In my dream, my best friend Lucy who passed away in 1982 at the age of 23 came to visit. She hugs me and I ask her why she’s so cold. She laughs at me, keeps touching my hands, and says boo. When we were younger Lucy always tries to scare me. She keeps talking and laughing. I saw in her hands a box. It was a gift for me. When I opened it, I see a puppy with a beautiful diamond collar and the ears were blue. Lucy looks excited about the puppy, but not me. I said to her why you are giving me this the puppy? Lucy looks confused and says, stop being silly, this puppy is very special and I choose you to take care of him. And look at that beautiful collar don’t you get it. No, I don’t get it. She keeps talking and talking meanwhile I’m holding the puppy. I touch the puppy’s ears and the color blue turn to green. Lucy gave me another hug and this time she says, please take care of the puppy and stop complicating your life. I look at her with tears in my eyes. Then she was gone. I didn’t have a chance to tell her how much I missed her.
I wake up with a high temperature and tears coming down. That’s my last night’s dream. It always happens when I dream about Lucy, she always brings me a strange gift.

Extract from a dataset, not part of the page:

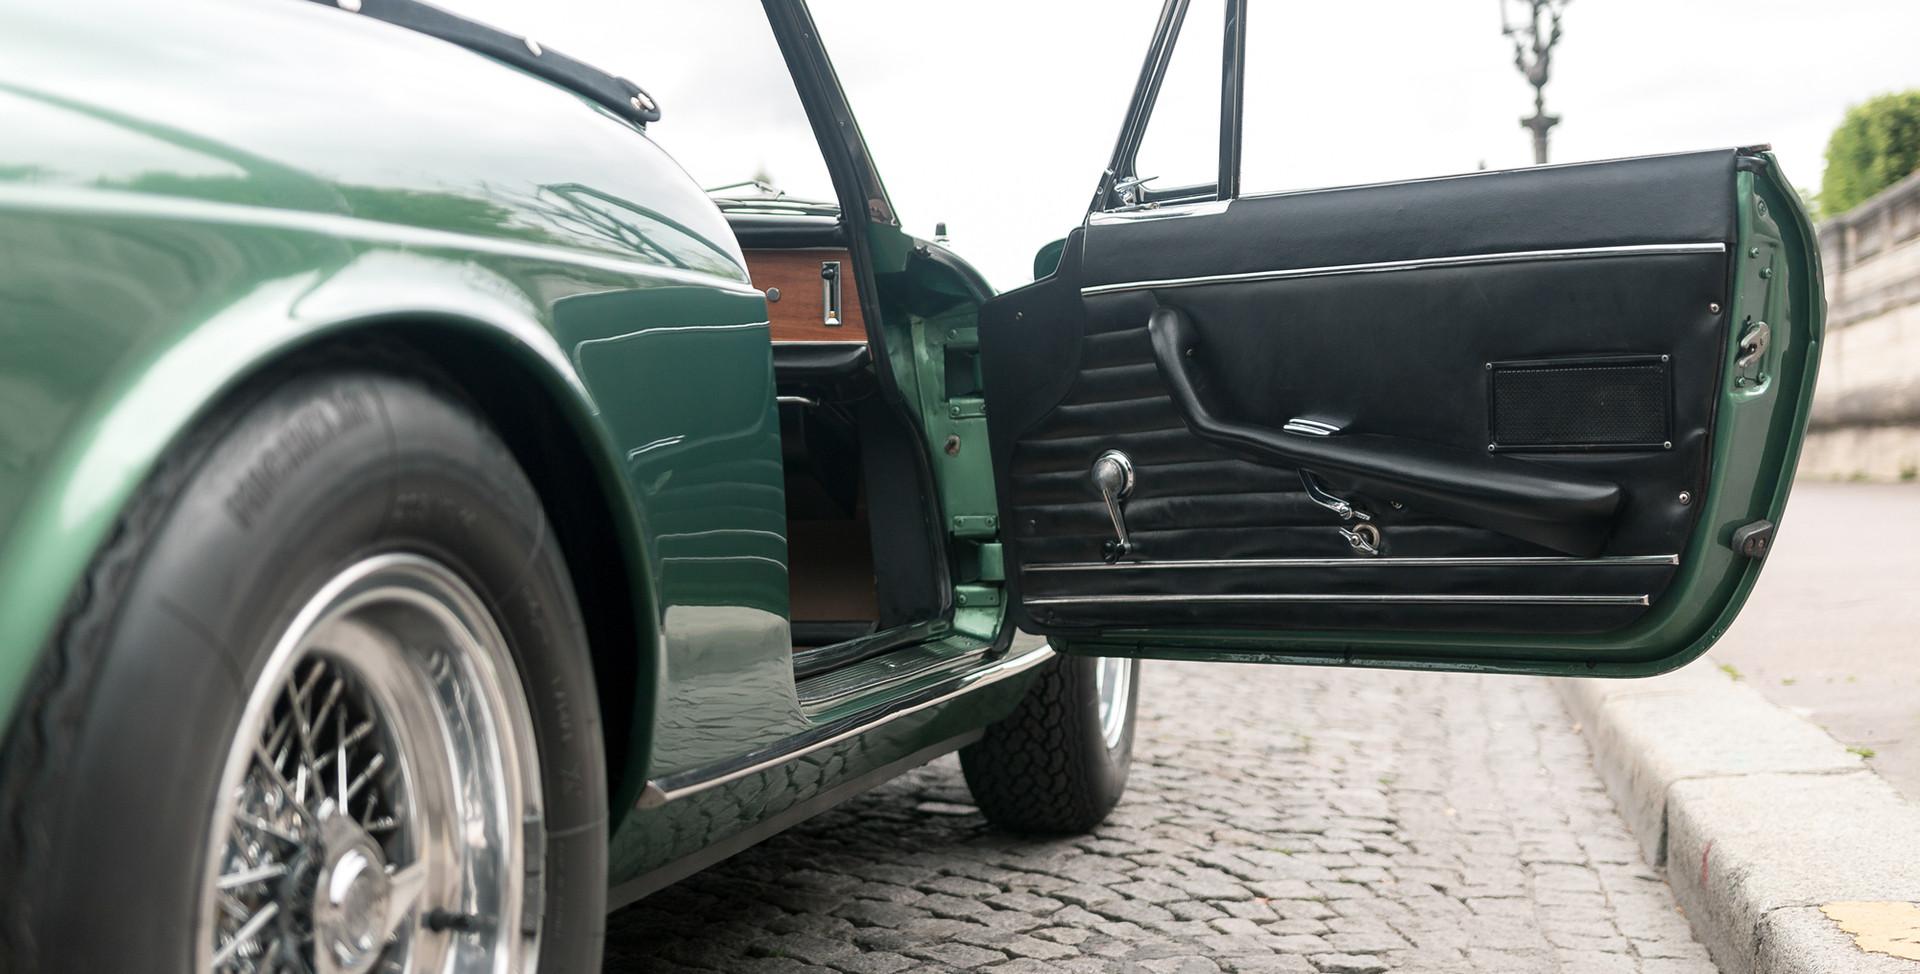 Ferrari_275_GTS_intérieur_(9).jpg

I always remember her and I missed her very much. Lucy was special to me. Besides she was my best friend, we were like sisters. After she passed away, I have never had another friend like her.
Halloween is over and I have a neighbor who it’s decorating for Christmas. I’m looking from my window and I noticed that last night we had a little snow on the ground. It looks and feels like the holiday spirit is here.
I told my husband to let’s start decorating for Christmas. He looks at me like are you nuts? Usually, I decorate the house after Thanksgiving, but with the feeling that time flies so fast, I will like to have the house all decorated. It makes me feel wonderful.
Maybe I’m nuts, however if I have it all done a little earlier, I can enjoy how pretty the house gets. I love sitting in the night in my chair and looking at the villages and the tree. Do you think this makes sense? Maybe not. However, the idea of how close we are from the holidays it’s making myself nuts. No doubt I love the holiday season.